### Given data ###

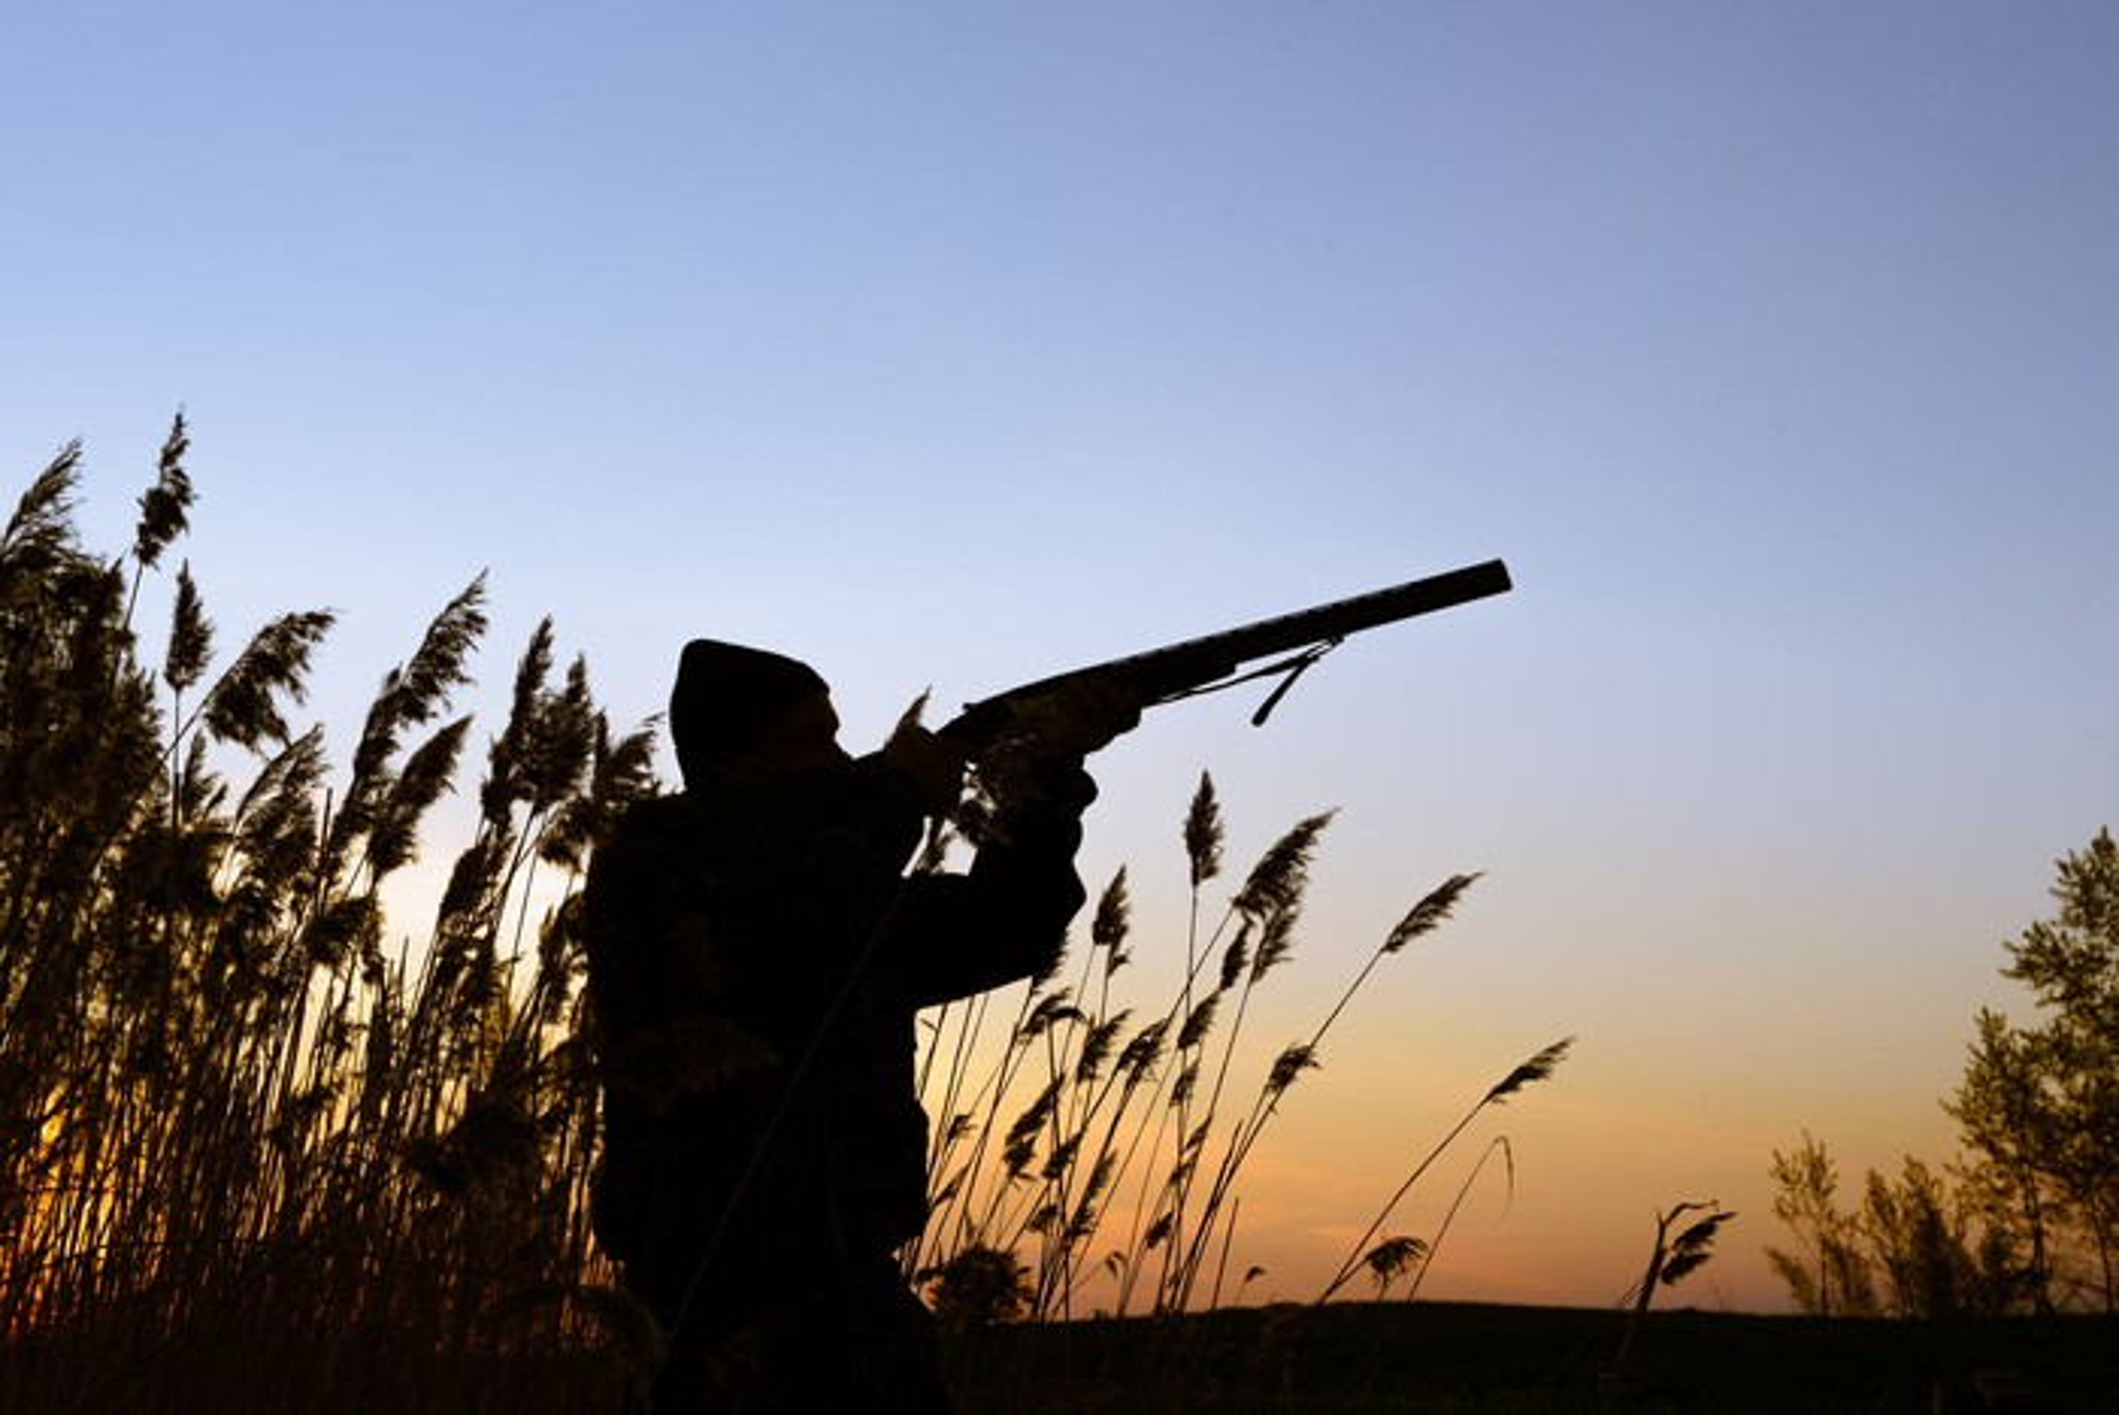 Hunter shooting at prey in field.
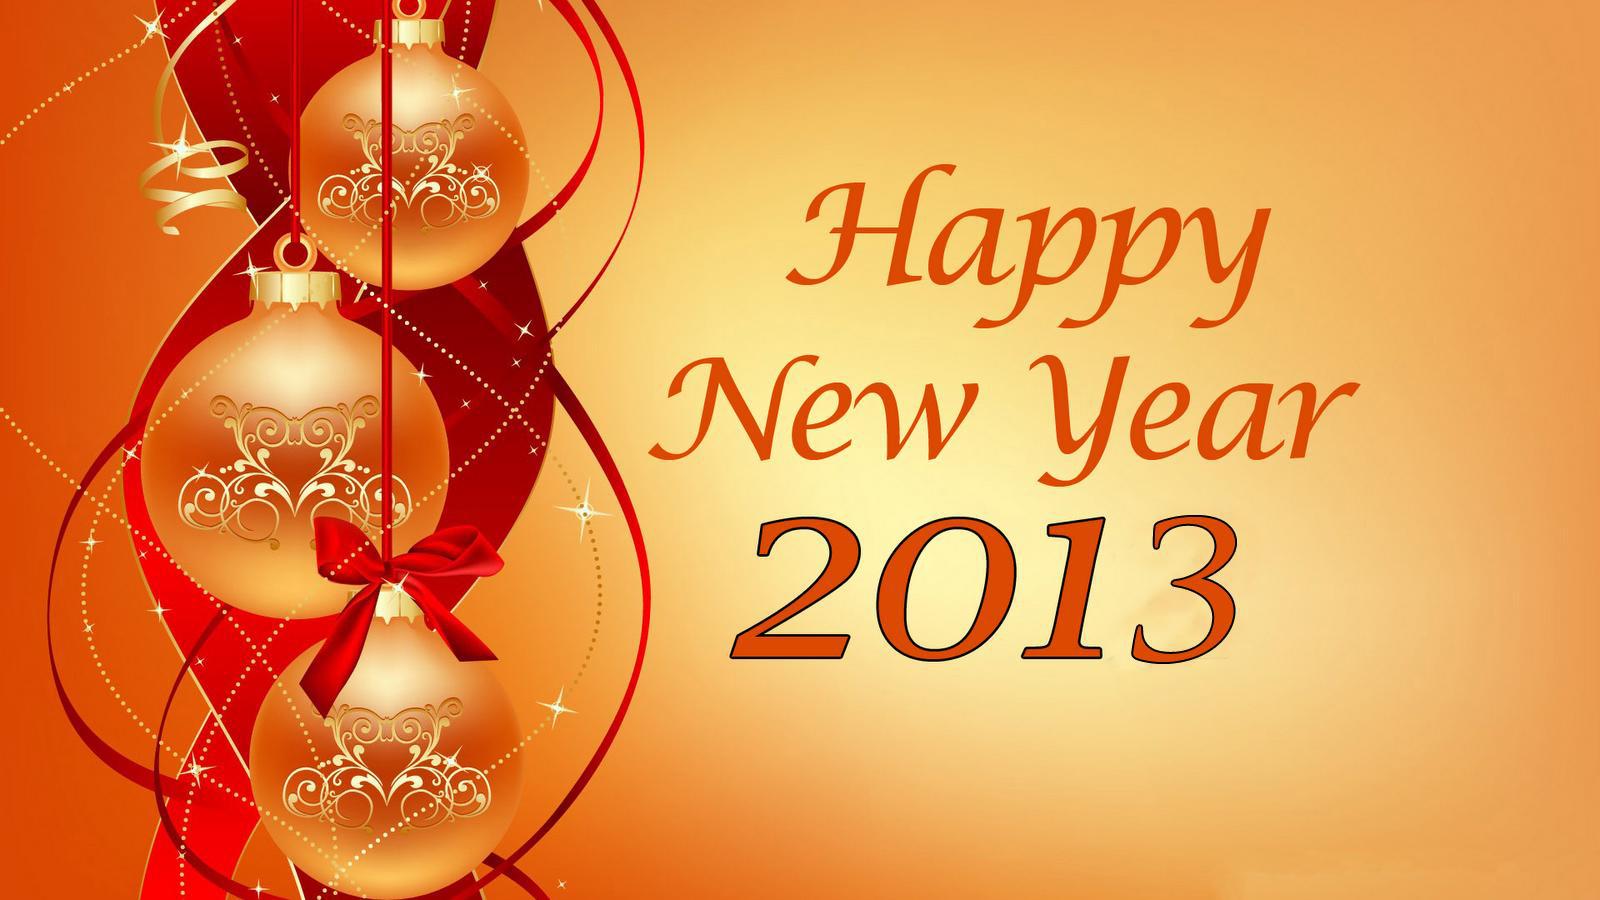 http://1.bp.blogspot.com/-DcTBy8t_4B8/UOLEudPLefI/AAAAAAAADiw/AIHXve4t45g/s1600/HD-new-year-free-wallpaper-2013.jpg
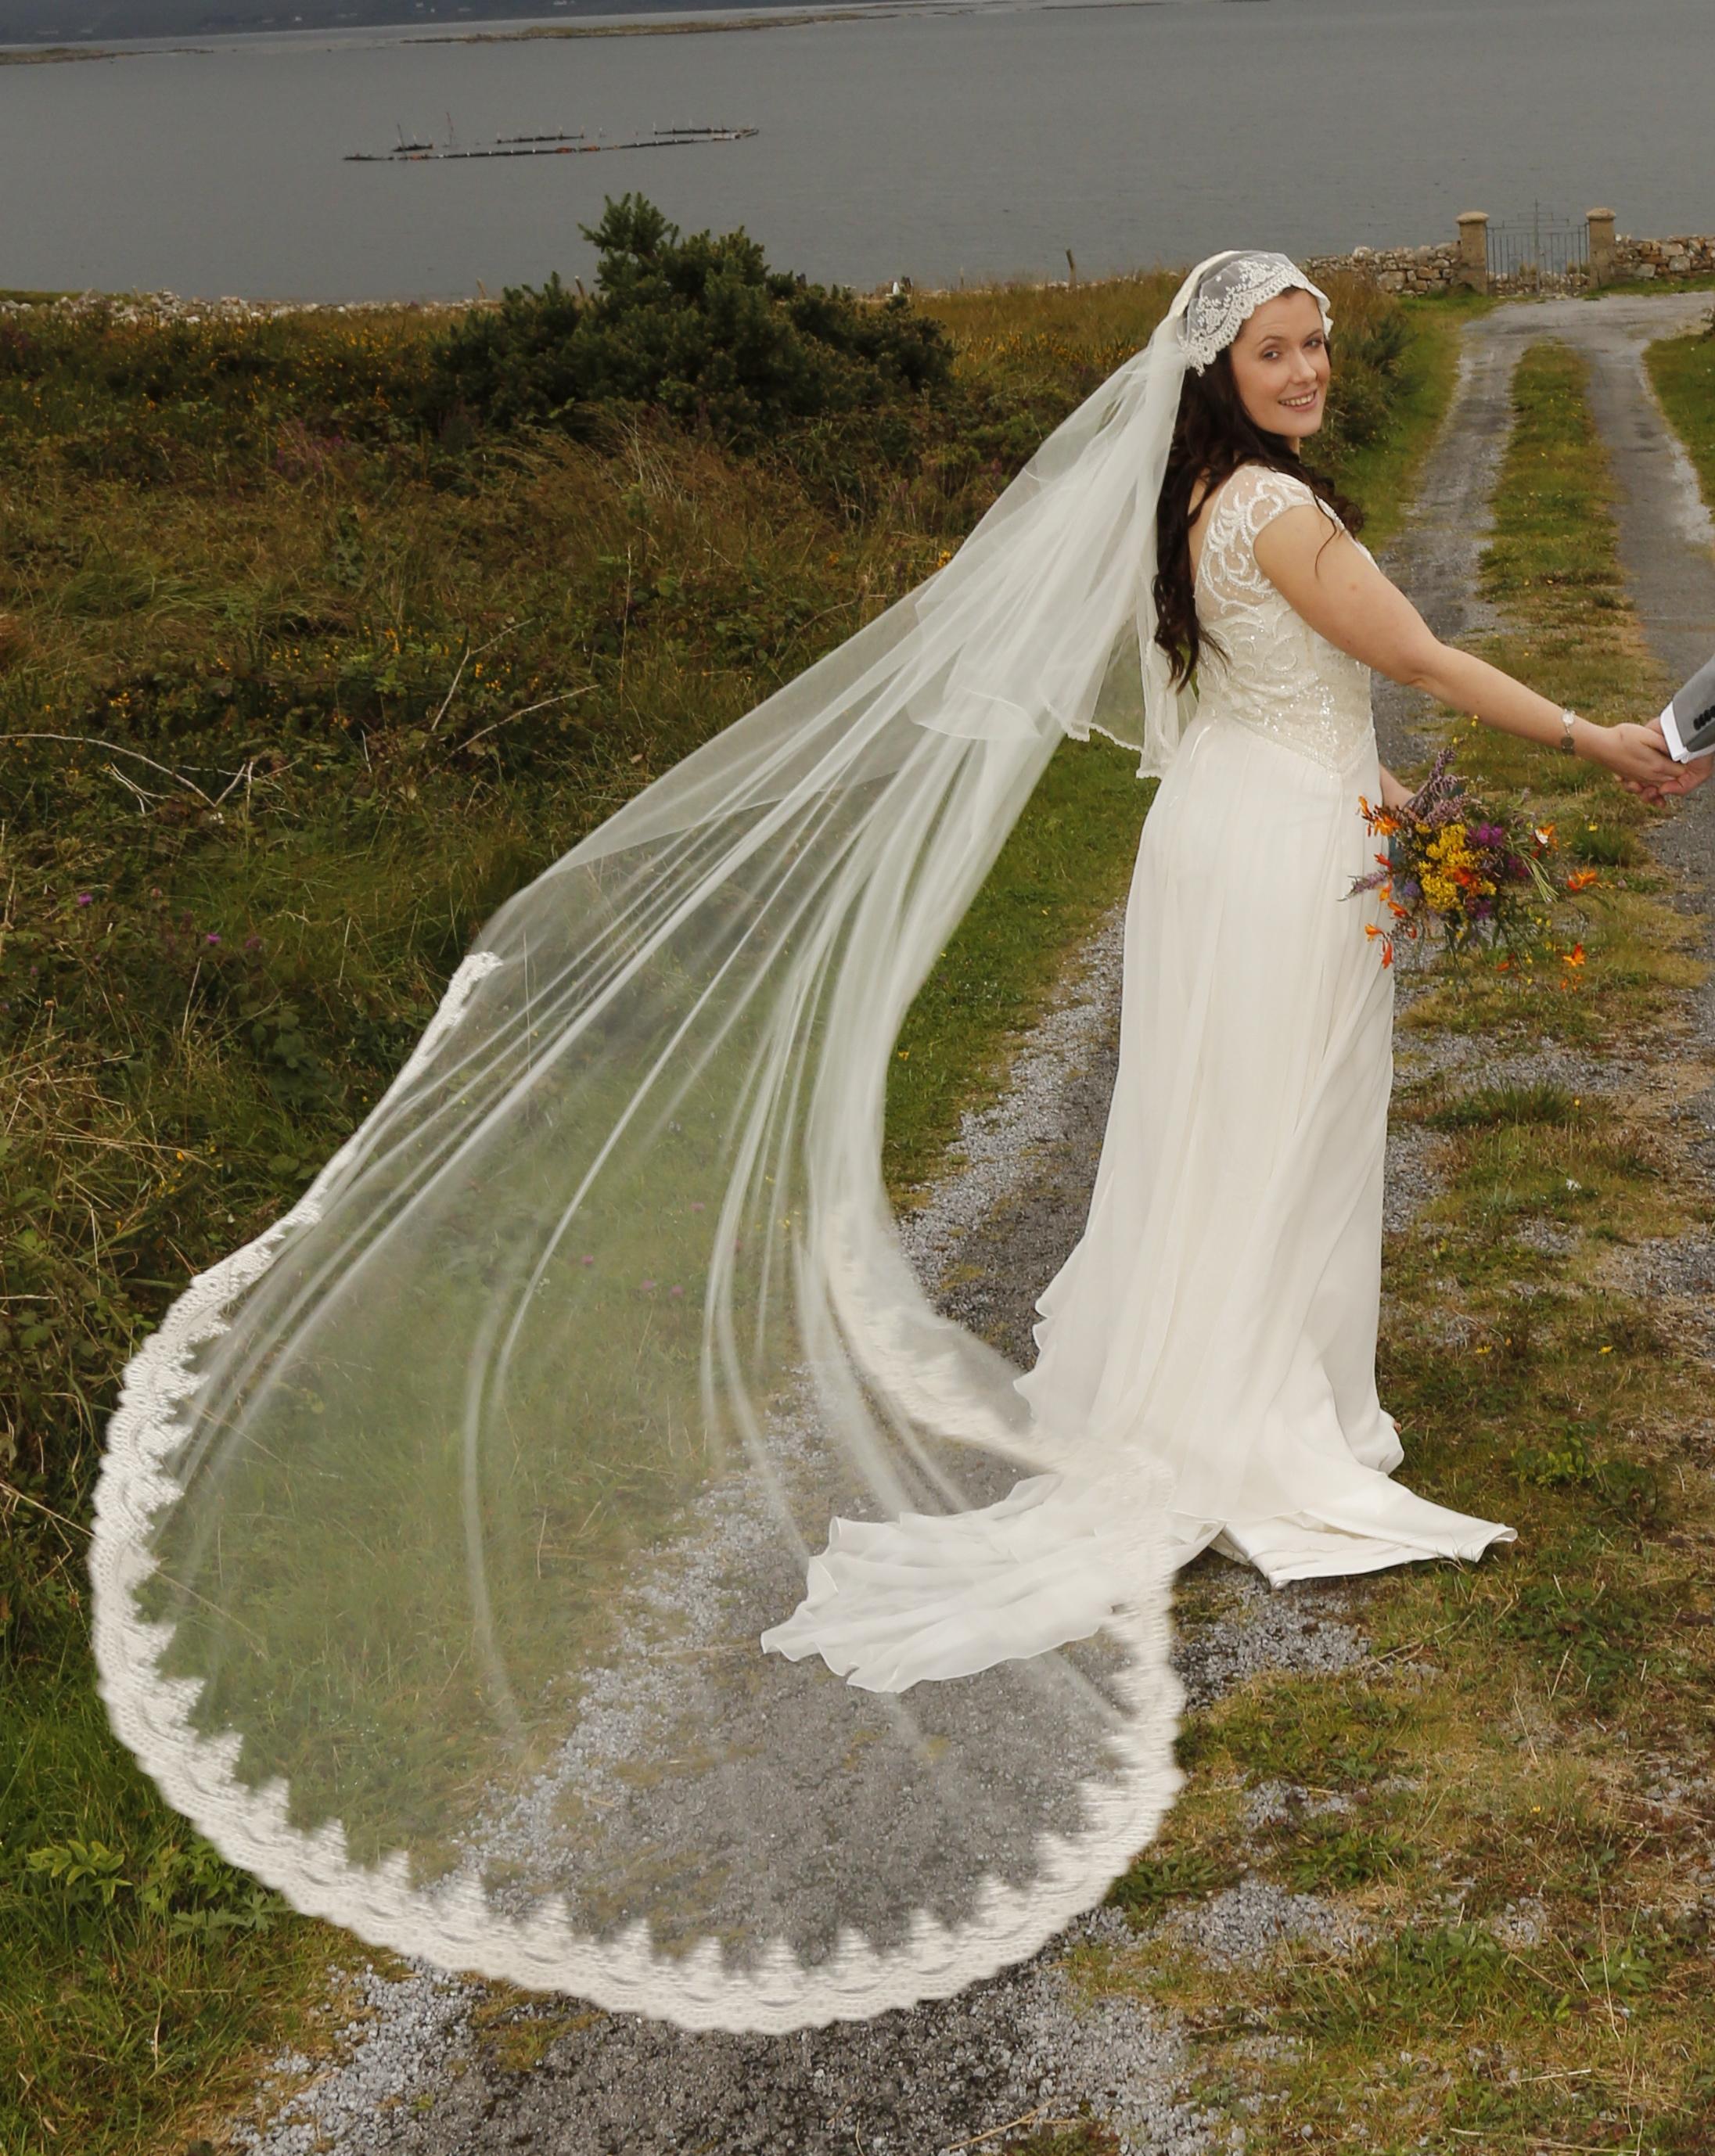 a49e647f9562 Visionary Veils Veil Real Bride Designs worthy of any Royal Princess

###

Instructions for the task: Only the text of the listing should be returned, exactly and in full; no image goes into the copy.

Result of the task:
 Hunter shooting at prey in field.
 http://1.bp.blogspot.com/-DcTBy8t_4B8/UOLEudPLefI/AAAAAAAADiw/AIHXve4t45g/s1600/HD-new-year-free-wallpaper-2013.jpg
 a49e647f9562 Visionary Veils Veil Real Bride Designs worthy of any Royal Princess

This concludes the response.